How to deal with it: Shock and confusion play a big part in this scam, so try and compose yourself as best you can. Step back from anyone trying to “clean” you and insist you do it yourself.
Bear in mind that this trick can work with any kind of distraction, from having a fake baby thrown at you to a street-side magic show.
The scam: Upon hearing the name of your hotel, a concerned taxi driver informs you that it is in fact closed for refurbishment and that you will not be able to stay there. Luckily for you, he knows a much better one nearby.
Of course, it’s not nearby, it’s not better and your original accommodation is not closed. The driver is in cahoots with the hotel, receiving a little commission for every unsuspecting traveller he drops at the door.
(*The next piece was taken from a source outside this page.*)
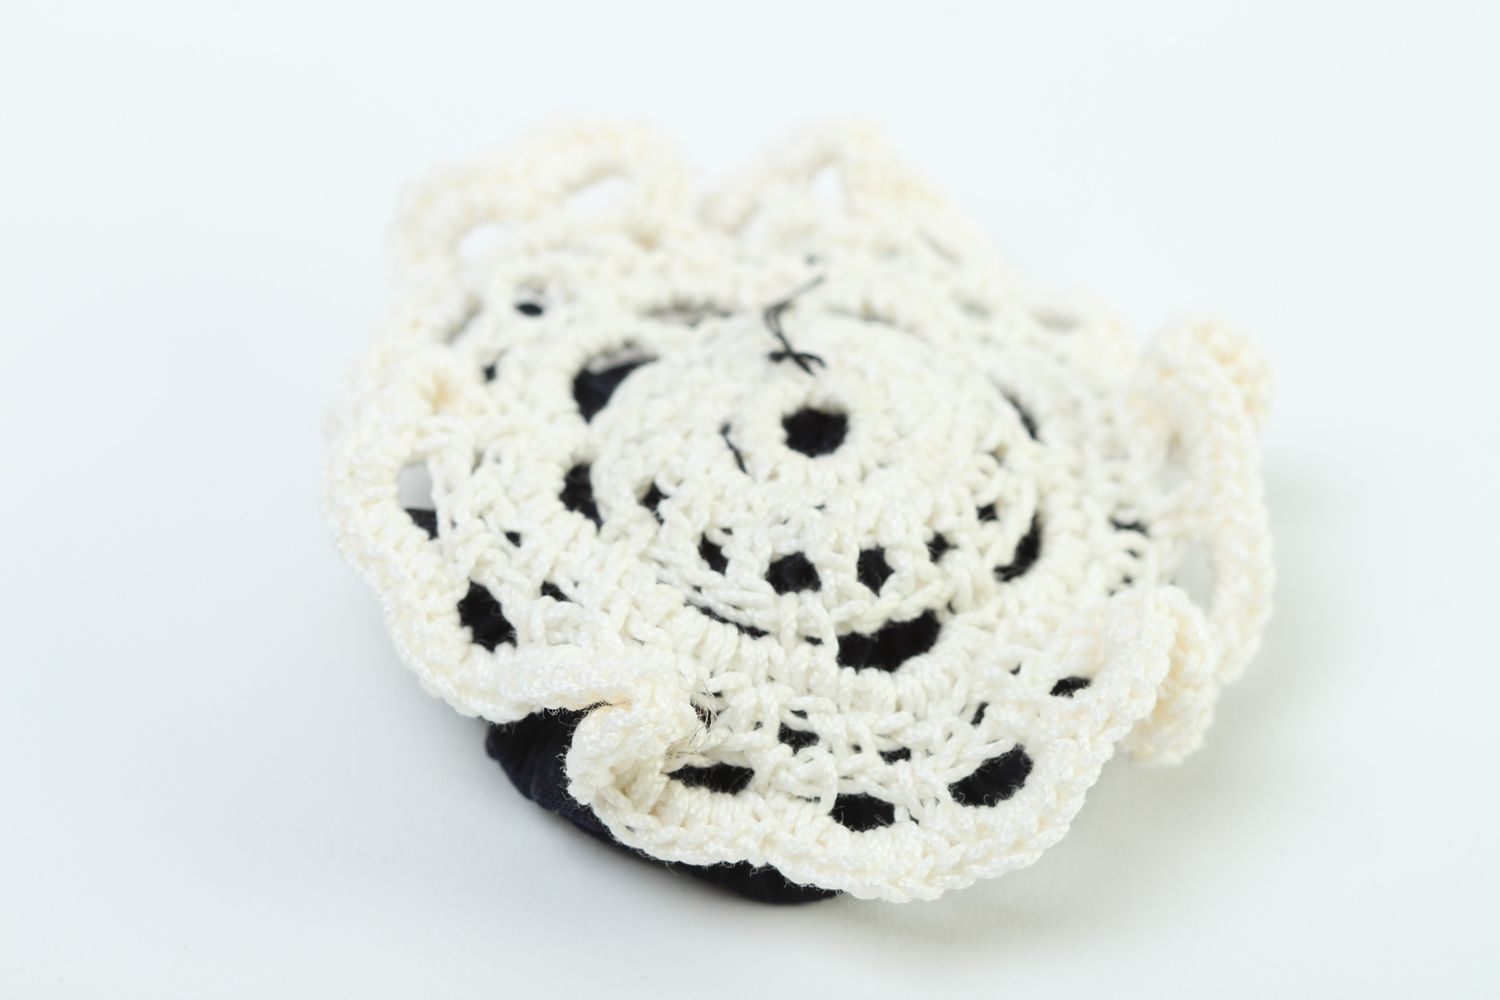 Handmade crochet flower decorative flowers jewelry craft supplies crochet ideas photo 4

How to deal with it: Look for alternative transport such as a shuttle or public bus, or seek out a different taxi. You can often arrange an airport shuttle service before you fly. Always keep the hotel’s contact number handy in case you need to call.
You might come across similar swindles outside bus stations (“the bus is full, use my taxi”) or for popular excursions (“this trip is much cheaper and better!”). The key is to not be swayed by these random offers. Stick to your original plans.
A USA-specific rip-off, highlighted by the FCO
The scam: You pull into a petrol station that does not have the price of gas clearly displayed. Once you’ve filled the tank, you go into pay and find that the cost is way more than you’ve been paying and much higher than the national average.
How to deal with it: If you can, avoid filling up around tourist hotspots and airports and keep an eye out for gas stations that display the price clearly. Consider filling an emergency fuel can for long distances.
The FCO states that this type of gas-station con is notoriously rife around Orlando International Airport, a hotspot for holidaying Brits.
The scam: After a purchase, the cashier slowly counts out your remaining change. But not just slowly, you can actually see the hair growing on your cashier’s head. Eventually, annoyed that your precious holiday time is being wasted, you grab the money and walk away.
Only later do you realise that you’ve been significantly short changed.
How to deal with it: Make a note of what your change should be and be patient – hold up the queue all day if you have to.
The deal that really is too good to be true
The scam: A ring/gem/jewel of such worth that you can finally think about moving out of your mum’s is offered to you by a stranger for a fraction of its value.
Desperate to seize upon this tremendous piece of luck, you buy the precious item for a steal. Later, of course, you realise it is worthless and your dreams of independence vanish.
How to deal with it: Be wary of anyone who randomly offers you an incredible offer: it is almost certainly a con. A firm “no thanks” will usually suffice to deter this type of scammer, but if they keep persisting simply walk away.
The scam: Similar to the fake police, two official-looking hotel staff knock on your door and ask if they can carry out a “routine inspection”. While one keeps you occupied, the other covertly steals any valuables on show.
How to deal with it: Don’t let anyone in that you weren’t expecting. Call reception and check if someone comes to your door asking to look around the room. It’s likely that the mere mention of doing this will see your ‘inspectors’ vanish as quickly as they appeared.